– Она приходила к тебе? – Си подпрыгнула на ладони Дота, и он чуть сжал пальцы, чтобы та не упала.
– Да. Она… она хотела, чтобы я пошла войной на Золотой город.
– И ты пошла?
Лита поняла, что они же не знают ее истории, даже Дот не знает, хоть и бог, но у нее не было ни сил, ни желания рассказывать. Кажется, она узнала, что хотела, но легче не стало.
– Ей надо отдохнуть, – сказал Дот. – Уведи ее, а я соберу целебные травы.
– Жрицы дают ей какой-то отвар…
– Много они понимают, – фыркнул Дот и, опустив их на пол, скрылся.
Потихонечку Лита начала выкарабкиваться. Она перестала пить отвар, который приносила ей мрачная молчаливая жрица, но всегда пила тот, что делала по указанию Дота Си.
– Вообще-то его зовут Джангли, он из далеких земель, – сказала однажды Си. Лихорадка у Литы спа́ла, она уже могла сидеть, но все еще была очень слаба.
– Расскажи мне о них, – попросила она.
И Си стала рассказывать, что далеко за морем много-много разных стран, где другие боги, другие языки, другая еда, но люди… люди везде и всюду одинаковы. Их прервала Третья – совсем не старая, она еле ходила и говорила, что ждет смерти, как самого дорогого жениха. Она принесла им лепешек.
– Женщины деревень стали баловать Тимирера, все больше еды кладут на алтарь. Наверное, их мужчины вернулись с войны живыми, – прокряхтела она.
Зима
Черные жрицы жили неслышно.
Безмолвно молились, и Лита никак не могла понять, какому именно богу.
Молчаливо трудились, каждая на своем месте, безропотно и даже как-то равнодушно.
Их дети – три бледные девочки разного возраста – были тихи и послушны. Старух не было совсем, и Лита боялась спросить, как так получилось. Черные жрицы окружили себя молчанием, спрятались за ним, как урфы – за ралутовыми масками.
Молча, сцепив зубы, уходили они в деревни, чтобы продолжить свой затворнический род, возвращались тоже молча, только глаза или светились жаром, или, наоборот, были непроницаемы, как самые темные углы их подземных коридоров. За те два месяца, что Лита прожила здесь, она увидела четыре таких ухода и четыре возвращения. Все четыре вернулись пустыми, Лита видела это очень ясно, но другие – нет, и надеялись еще целый месяц.
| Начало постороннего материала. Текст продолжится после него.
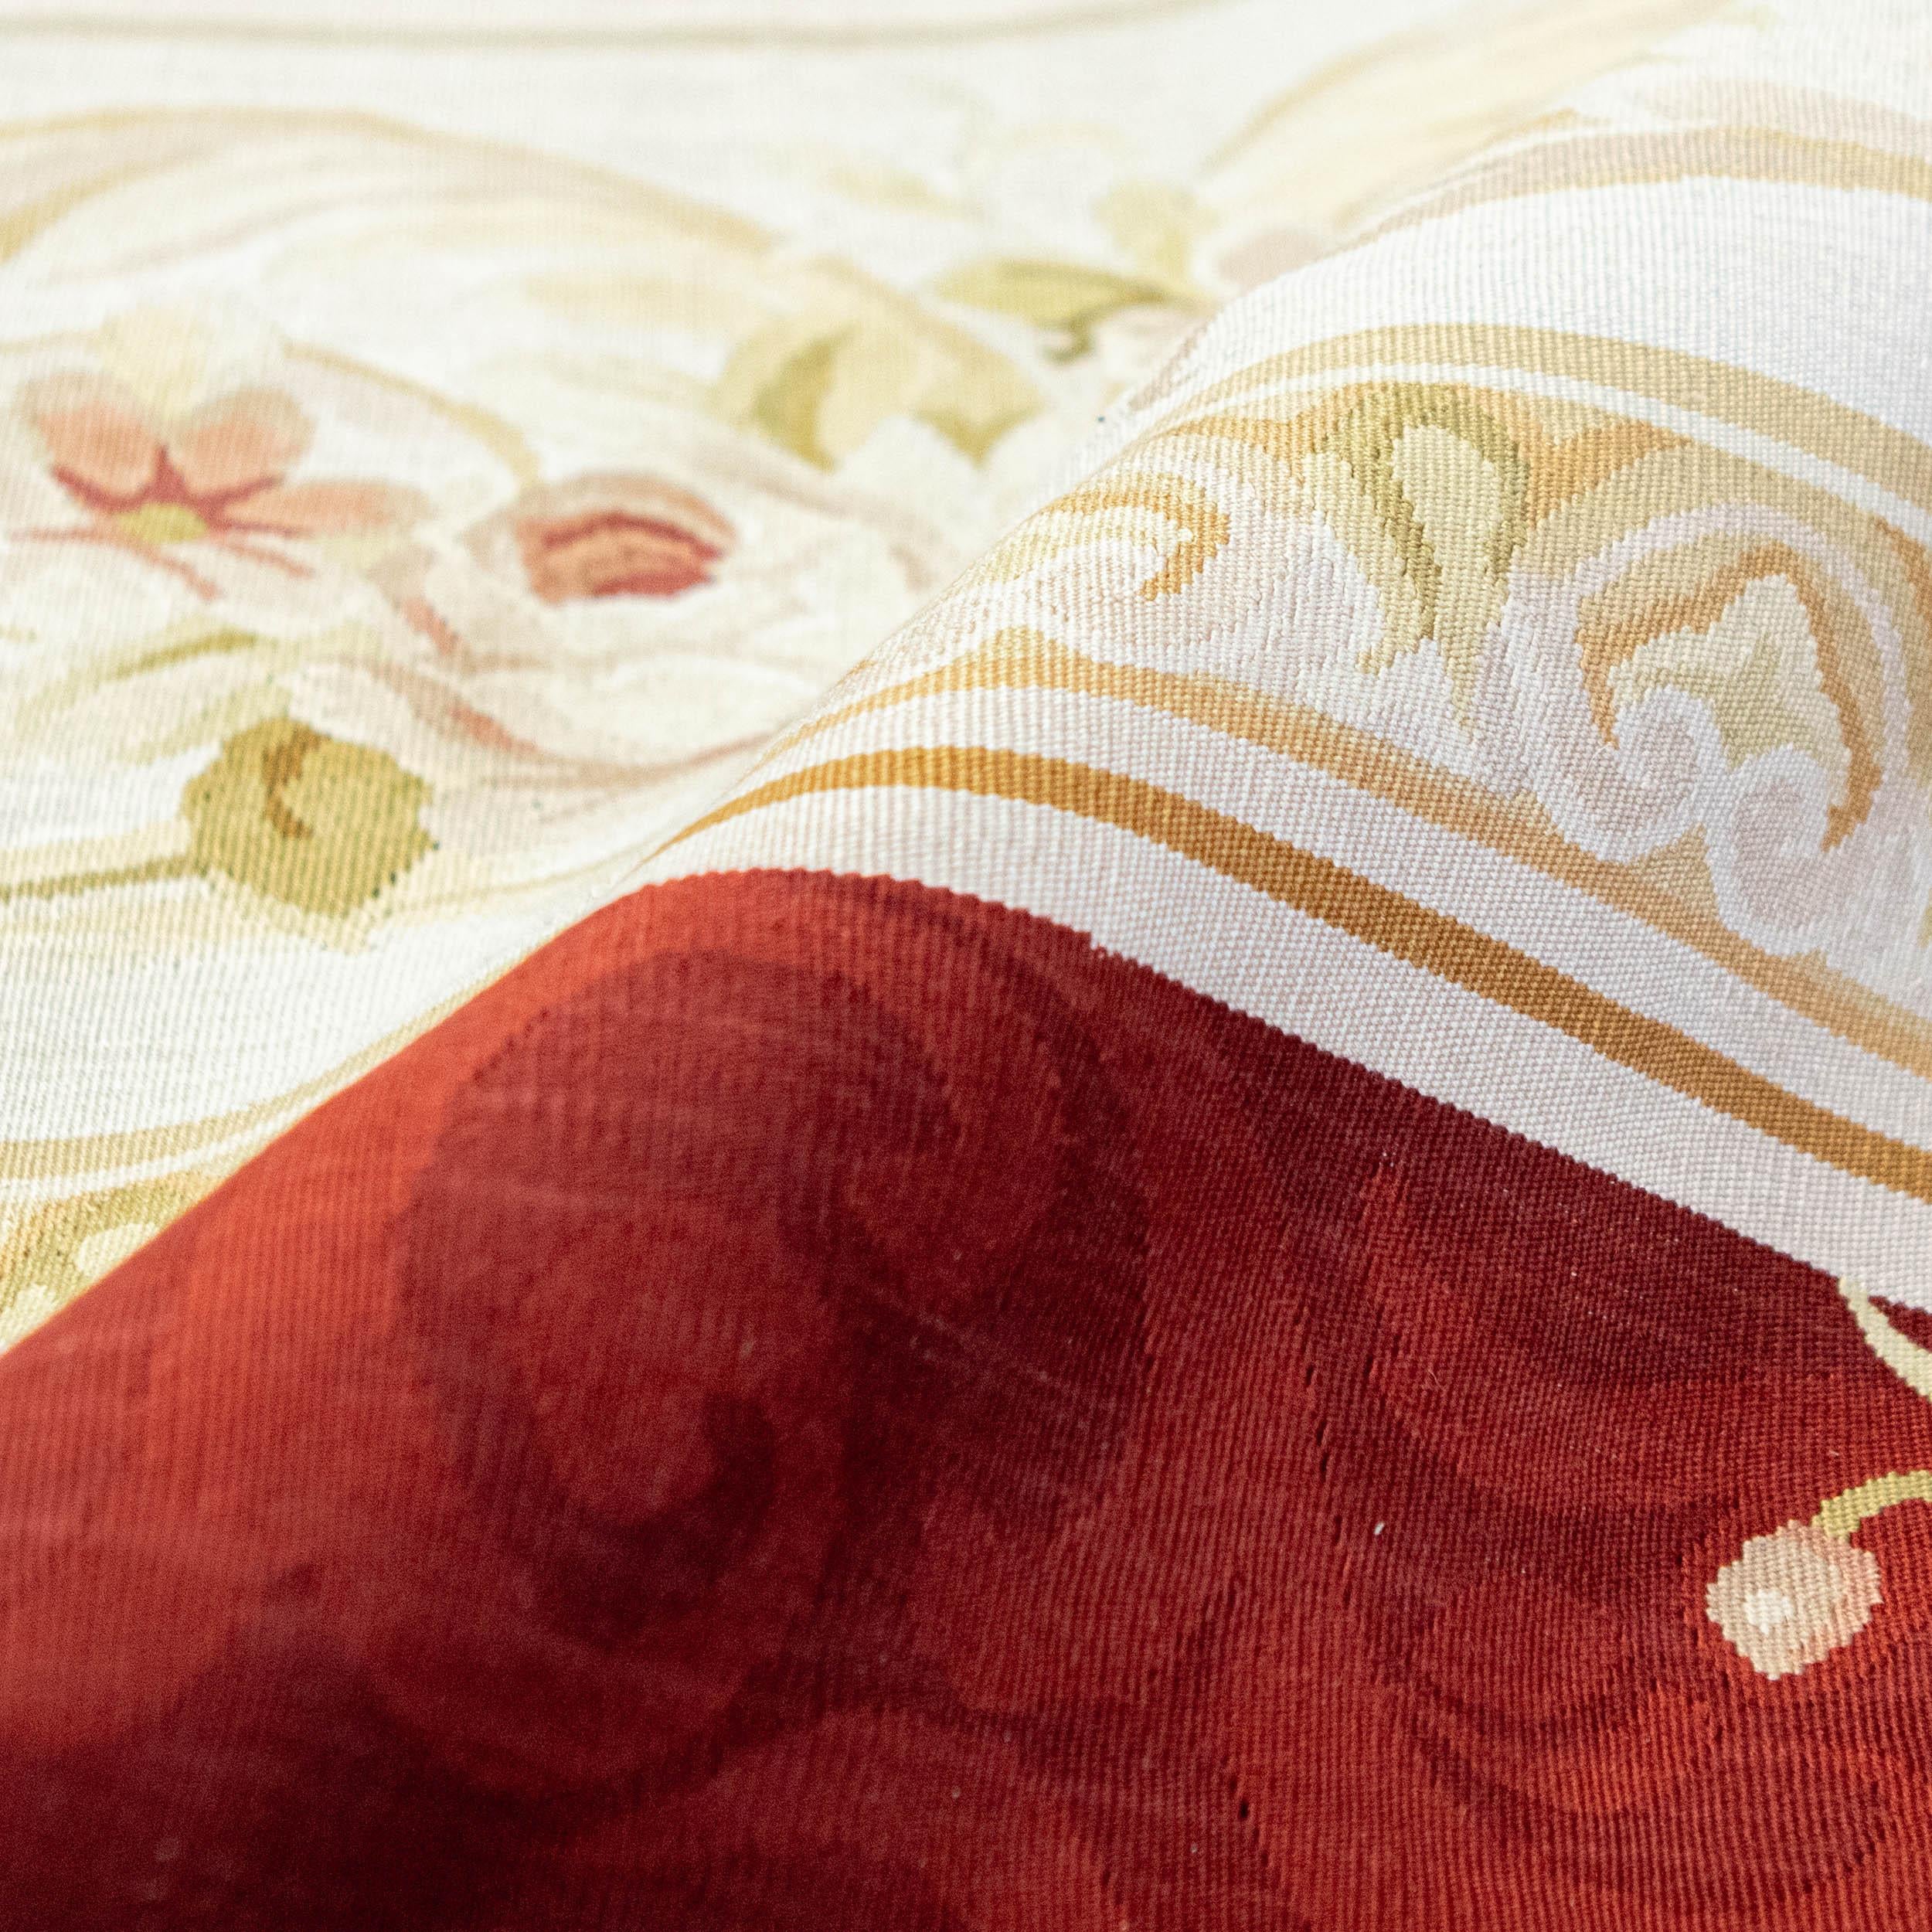 Le design du tapis d'Aubusson présente des motifs complexes, qui rappellent souvent l'élégance européenne classique. Des fleurs délicates, des bordures ornées et des motifs gracieux s'unissent dans une symphonie artistique, mettant en valeur la

Лита вспомнила свой разговор с Лангуром после песни Верисы об Анилу, сжалось сердце: его возлюбленная тоже здесь, среди них, смогла ли она забеременеть от друга Лангура или так и вернулась в свой храм ни с чем?
Сжала губы – ее путь теперь тоже молчалив.
Зима выдалась злая. В заброшенном городе завывал ветер, в подземном городе стоял лютый холод. Черные одежды с непривычно длинными рукавами, скрывающими запястья, были неудобными и кусачими, но Лита быстро замерзала в своей легкой тунике, даже плащ не помогал. Она привыкла к новой одежде, только рукава мешали, и она все время их закатывала, чем выводила из себя Третью. Си же, наоборот, рукава одергивала, следила, чтобы они закрывали ладони чуть ли не до середины. То ли мерзла, то ли не хотела раздражать жриц.
Лита знала, что, по обычаю пределов, если ребенка забрали урфы, то вся одежда, которую он успел поносить, матери относят в храм заброшенного города, чтобы несчастная судьба не перекинулась вместе с одеждой на других детей. Черные жрицы собирали эти вещички, особенно радуясь пеленкам, распарывали их, красили в черный цвет отваром корней череты, шили из них себе платья, но вышивка детских оберегов проступала сквозь краску, и Лита, дотрагиваясь до них, каждый раз глотала невидимые слезы.
Лита думала о маме и Кассионе и надеялась, что храм, в который отправил их отец, не так суров. «Главная жрица в нем – сестра отца, она не обидит маму. А если она похожа на свою мать, на Митас, то не обидит вообще никого».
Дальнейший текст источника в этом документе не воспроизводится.